Our first stop on our big “day tour” was Nijo Castle, samurai and shogun home.

In 1601, Tokugawa Ieyasu, the founder of the Tokugawa Shogunate, ordered all the feudal lords in Western Japan to contribute to the construction of Nijō Castle, which was completed during the reign of Tokugawa Iemitsu in 1626. Parts of Fushimi Castle, such as the main tower and the karamon, were moved here in 1625-26.[1] It was built as the Kyoto residence of the Tokugawa Shoguns. The Tokugawa Shogunate used Edo as the capital city, but Kyoto continued to be the home of the Imperial Court. Kyoto Imperial Palace is located north-east of Nijo Castle.

There is so much history hidden in these very thick walls.


A few interesting facts from our guide on the castle:

The building is raised off the ground. The shogun would sit on his mat with a large piece of wood under him to protect him from someone shoving a sword up and through the floor

The 500 year old paintings were made from crushed shells to add white color

In the main hall where the shogun received guests he would keep 15m between himself and the guests. Beside him was a sliding door filled with samurai ready to jump through in the event of a threat.

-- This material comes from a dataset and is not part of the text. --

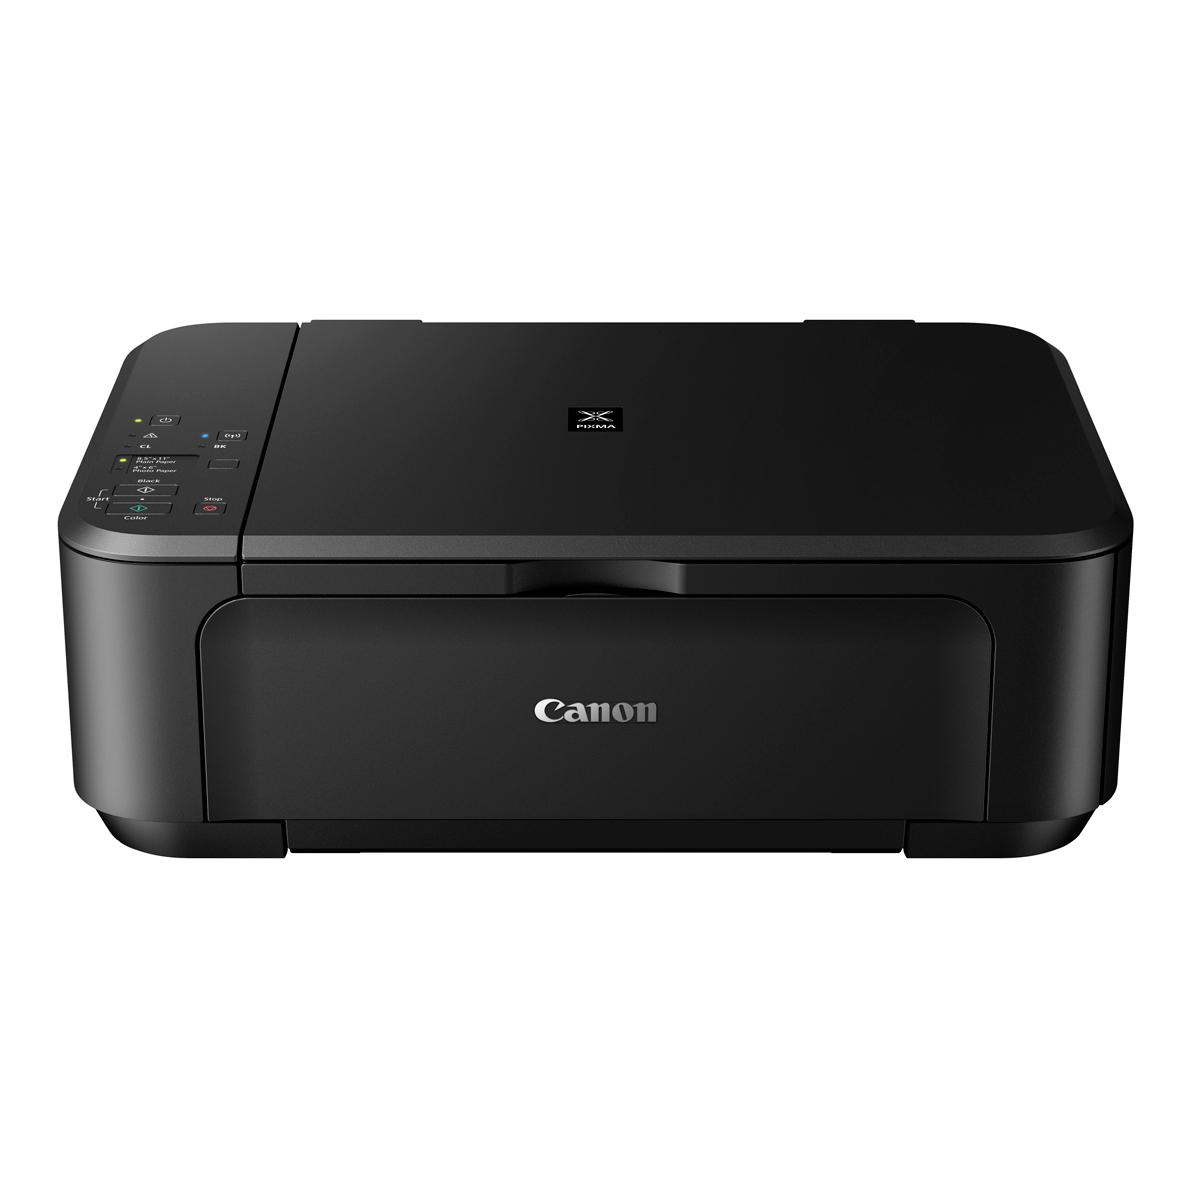 canon pixma mg3550 noire imprimante multifonction canon sur ldlc. Black Bedroom Furniture Sets. Home Design Ideas

Although the threats often had a large preamble, where someone would stand up and honourably declare “I (insert name), son of (insert name), grandson of (insert name) from the city of (insert city) will kill you” – giving the samurai lots of time to line up.

The roof of the entrance to the main hall is made of thatch. It is a small section, but costs millions to replace. (The brown sections at the front)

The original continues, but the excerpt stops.